AI Development Tools
Free online tools for AI developers: token counter with visual analysis, prompt template builder with variables. All client-side, privacy-first.
Document Extraction
Extract structured content from any document
Token Counter
Count & visualize AI tokens
Prompt Builder
Build & test AI prompt templates
About AI Development Tools
Building with LLMs means constantly managing tokens and iterating on prompts. These tools are built specifically for AI developers: count and analyze tokens instantly, build and test prompt templates with variables, all without sending your data to any server. Everything runs in your browser, making these tools safe for proprietary prompts and sensitive data.
Frequently Asked Questions
How does the token counter work without an API?

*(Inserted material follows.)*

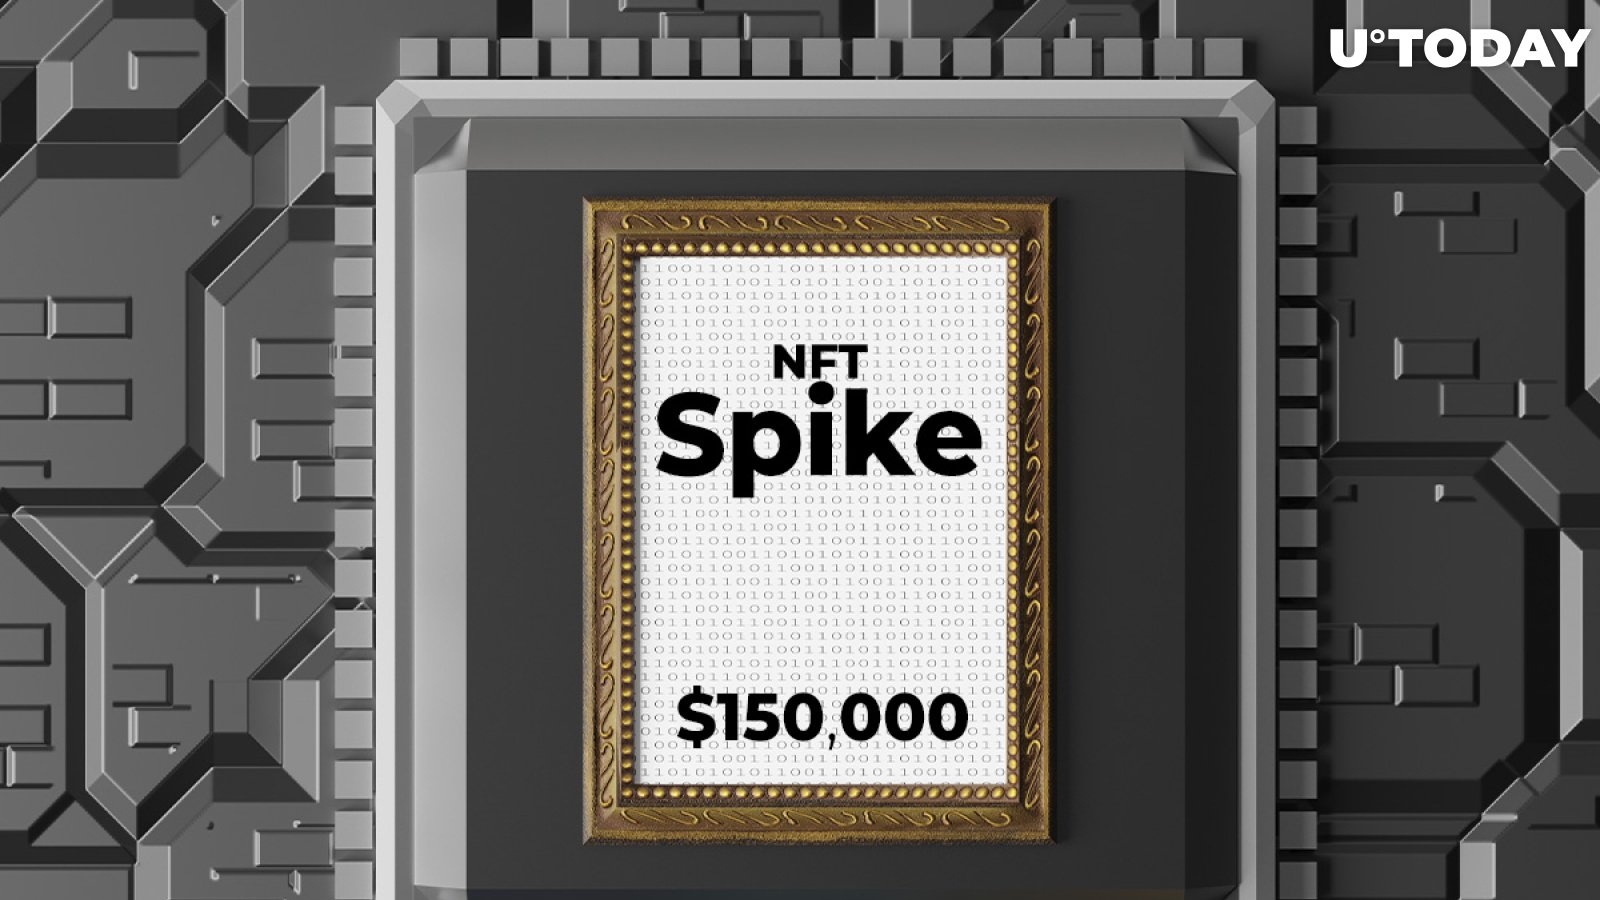 Banksy Artwork Based NFT “Spike” Sold For Over $150,000 On Valuart

The Token Counter uses a BPE (Byte Pair Encoding) tokenizer that runs entirely in your browser. It provides approximate token counts along with type distribution and frequency analysis. No text is sent to any server.
How accurate is the token count?
The count is approximate. Different LLM providers use different tokenizers, so actual counts may vary by up to ~10% depending on the model. For exact counts in production, use the official tokenizer libraries provided by each vendor.
What are prompt template variables?
Prompt template variables are placeholders like {{user_name}} or {{context}} that get replaced with actual values at runtime. The Prompt Builder lets you define these variables, fill them with test values, preview the rendered prompt, and export to Python f-strings, JavaScript template literals, or Jinja2 syntax.
Is my prompt data safe?
Yes. All tools run 100% client-side in your browser. Your prompts, templates, and test data never leave your device. There are no API calls, no analytics on your content, and no server-side storage. You can verify this in your browser's Network tab.
Do these tools call any AI API?
No. These are utilities for AI developers, not AI-powered tools. They perform deterministic operations like tokenization, template rendering, and data validation. No LLM inference is involved.